La politica di monopolizzazione culturale attuata dai seguaci di Ignazio era stata, per l'addietro, favorita proprio dal cardinale Federico, che ne aveva in tutti i modi agevolato l'ingresso nel tessuto educativo della città, sia per l'attaccamento ch'egli professava alla Compagnia, sia perché era effettivamente convinto che la ratio studiorum dei loro collegi fosse in grado di offrire le migliori garanzie di disciplina razionale e spirituale che allora potevano darsi nel sistema scolastico preuniversitario. Senonché piano piano era andato prendendo corpo il disegno dei padri di costituire proprio a Padova, nella città che da secoli ospitava uno dei più illustri atenei d'Europa, una loro università; di realizzare cioè, nel più prestigioso e vivace centro culturale della Repubblica, una sorta di esperimento che, se riuscito, avrebbe potuto essere facilmente applicato altrove.
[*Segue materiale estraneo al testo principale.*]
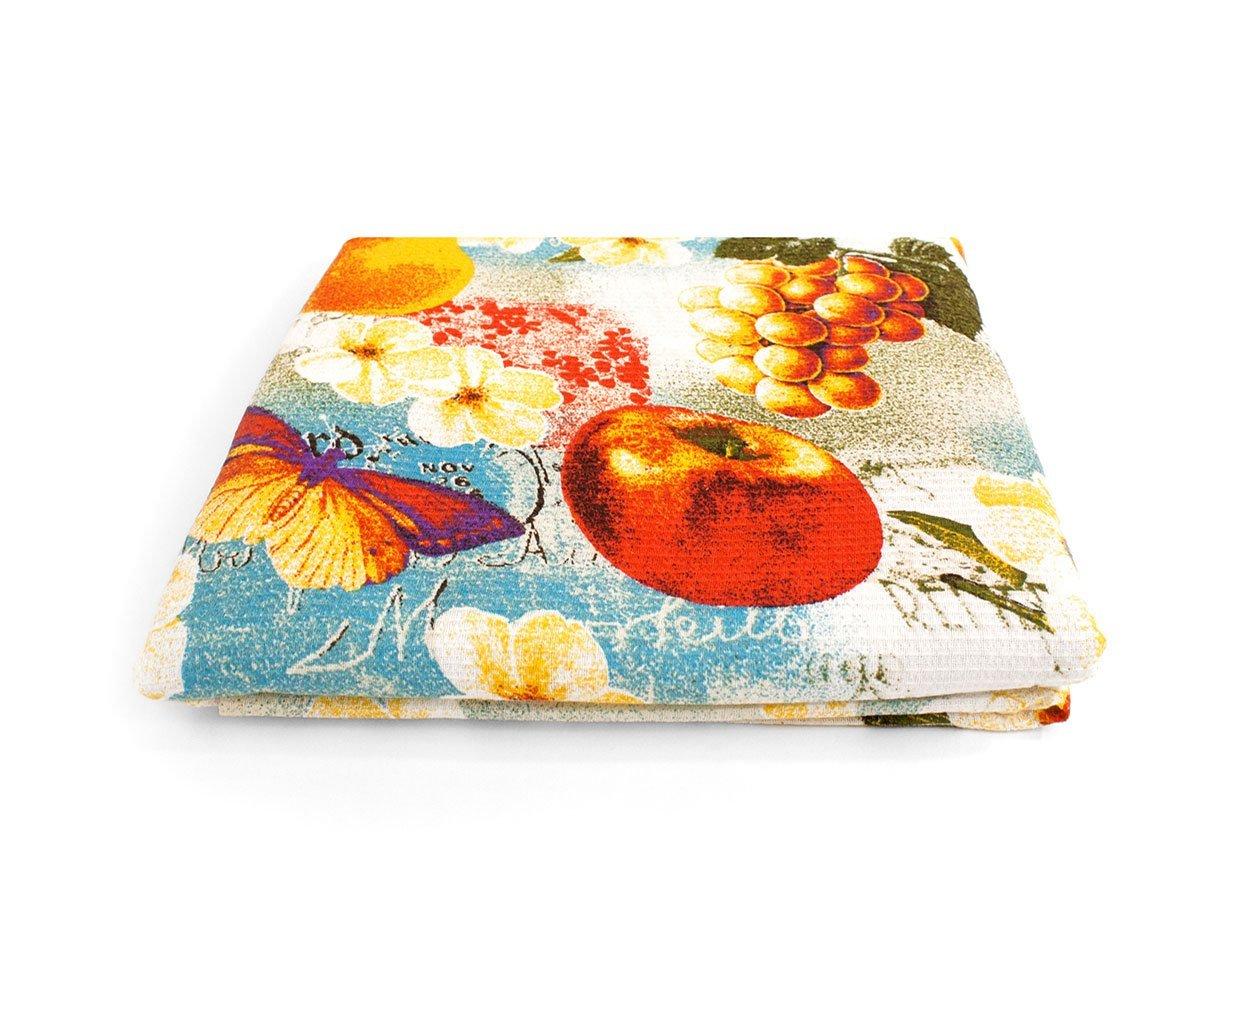 Фруктовый сад - вафельные полотенца, простыни для сауны Elin

Finché visse Federico, il progetto non incontrò ostacoli; la reazione degli ambienti accademici (ai quali, nella circostanza, si associarono vasti settori della nobiltà padovana e veneziana) si manifestò invece decisamente quando a lui subentrò il giovane C. ed alla carica di rettori furono chiamati patrizi decisamente ostili ai gesuiti, come il podestà Giovan Battista Vitturi e il capitano Vincenzo Gradenigo: l'ìntera città, in pratica, si pronunciò contro la Compagnia.
Durante tutta la controversia, che toccò il suo apice nel 1592, il comportamento del vescovo fu improntato alla massima prudenza: pur essendo ben disposto verso i gesuiti, il C. non osò schierarsi apertamente in loro favore, per cui il Senato veneziano ebbe buon gioco a liquidare la questione con un decreto che assicurava alle tradizionali strutture la privativa dell'istruzione universitaria.
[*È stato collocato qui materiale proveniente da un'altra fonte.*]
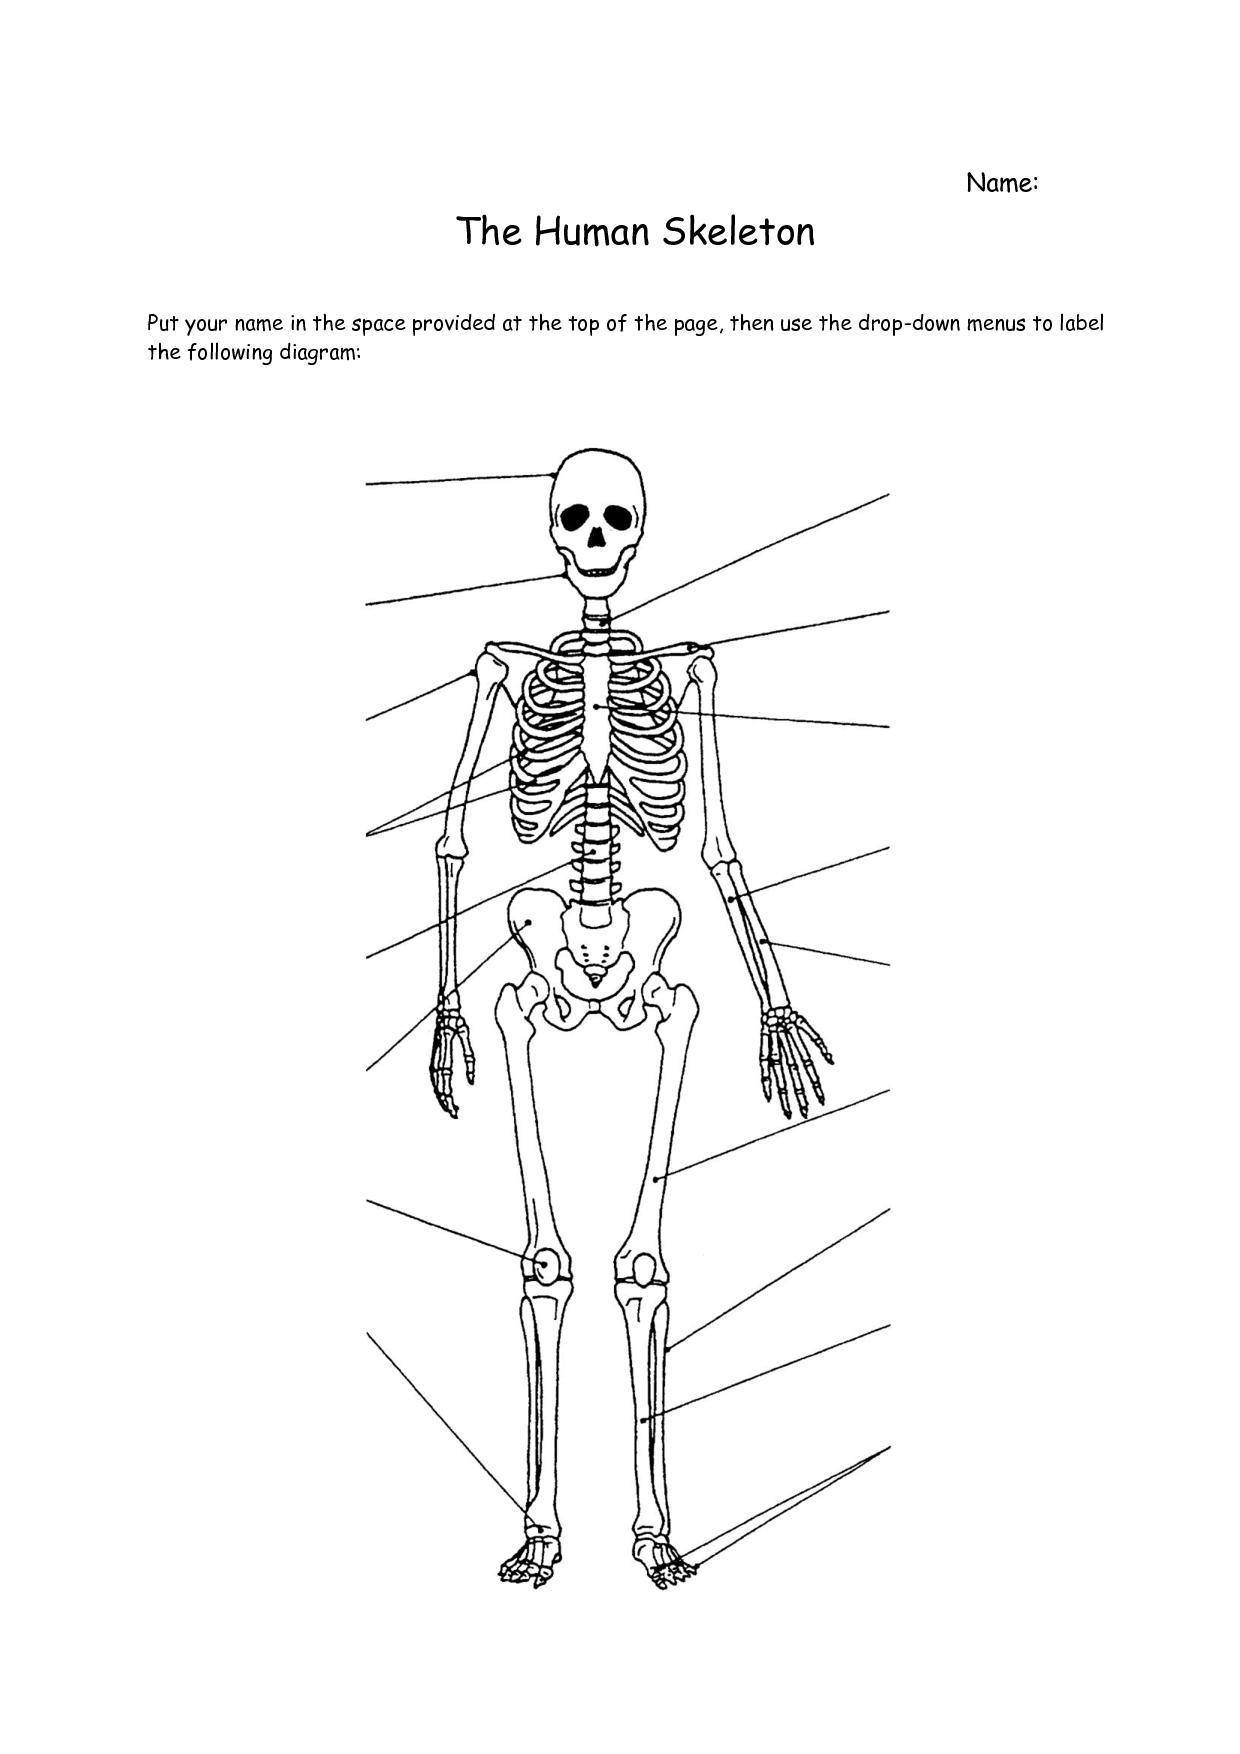 anatomy coloring book chapter 13 answers skeletalsystemevidencesheetanswerkey 3 0 anatomy 8 anatomy chapter book 13 answers coloring

Di lì a poco, il 20 ott. 1594, il C. morì, non ancora trentasettenne, e fu sepolto nella cattedrale di Padova, accanto allo zio. Scomparve prima di poter qualificare decisamente la sua vita (di lui le fonti ricordano quasi esclusivamente la mitezza e la generosità verso i poveri), ma nell'economia della famiglia rappresentò un elemento di continuità nella lunga e complessa successione delle dignità ecclesiastiche.
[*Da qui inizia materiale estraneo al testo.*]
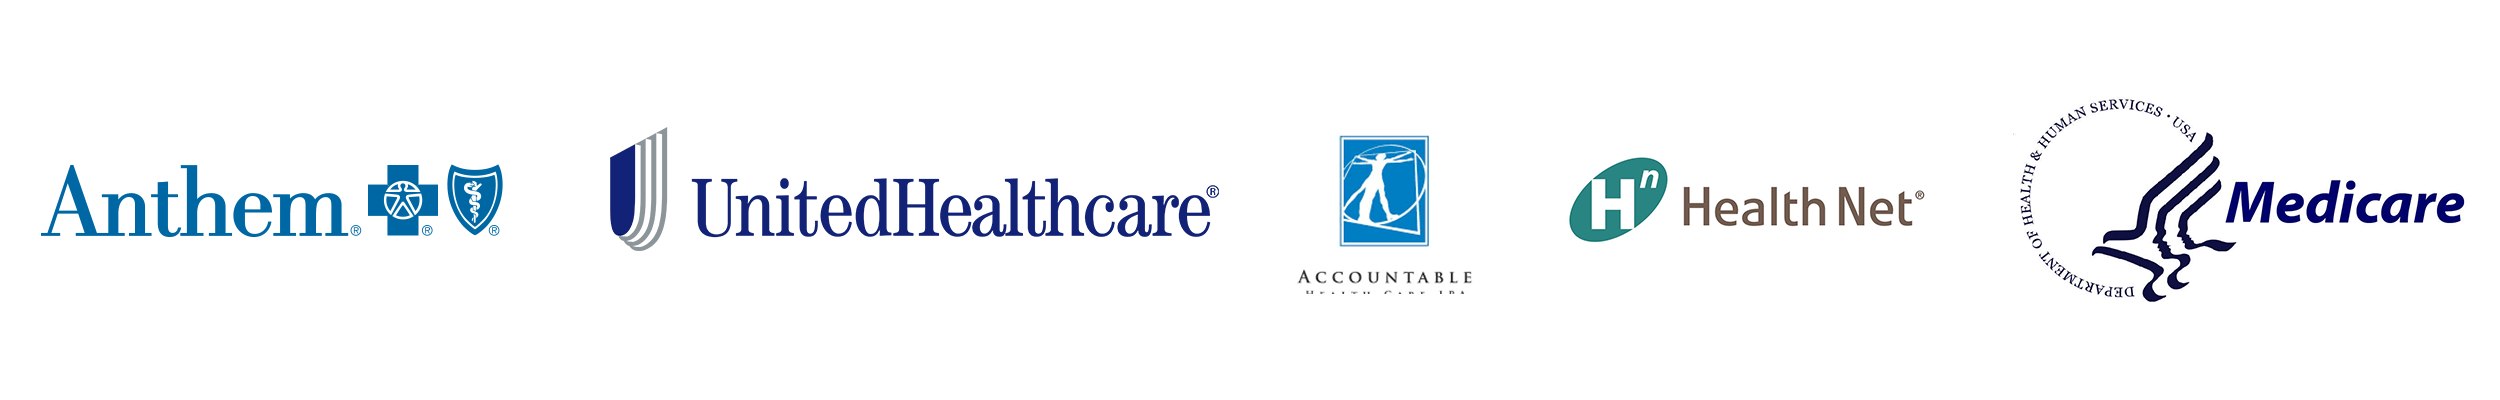 insurance-provider-logos.png

Fonti e Bibl.: Arch. di Stato di Venezia, M. Barbaro, Arboride' Patritii...,III, p. 47; Venezia, Biblioteca nazionale Marciana, Mss. It., cl. VII, 15 (= 8304): G. A. Cappellari Vivaro, Il Campidoglio veneto, I, cc. 325v-326r; Ibid., Bibl. del Civico Museo Correr, Cod. Cicogna 3781: G. Priuli, Pretiosi frutti..., I, c. 187v; un sonetto in lode del C., scritto dopo la sua morte, Ibid., Cod. Cicogna 986/III; G. Pallantieri, Ad Ill.mo et Rev.mo D. D. Aloysium Cornelium Episcopum Coadiutorem Patavii ... congratulatio, et consalutatio, Patavii 1595; F. Policini, I fasti gloriosi dell'ecc.ma Casa Cornara..., Padova 1698, p. 19; Id., Ecclesiastica cronologia della Casa Cornara, Padova 1698, pp. 20-21; N. Papadopoli, Historia Gymnasii Patavini..., Venetiis 1726, p. 112; N. A. Giustinian, Serie cronologica dei vescovi di Padova, Padova 1786, p. 140; G. Liberali, La diocesi delle visite pastorali, Treviso 1976, I, p. 194; II, p. 314; G. Gulik-C. Eubel, Hierarchia catholica Medii aevi..., III, Monasterii 1923, pp. 284, 287.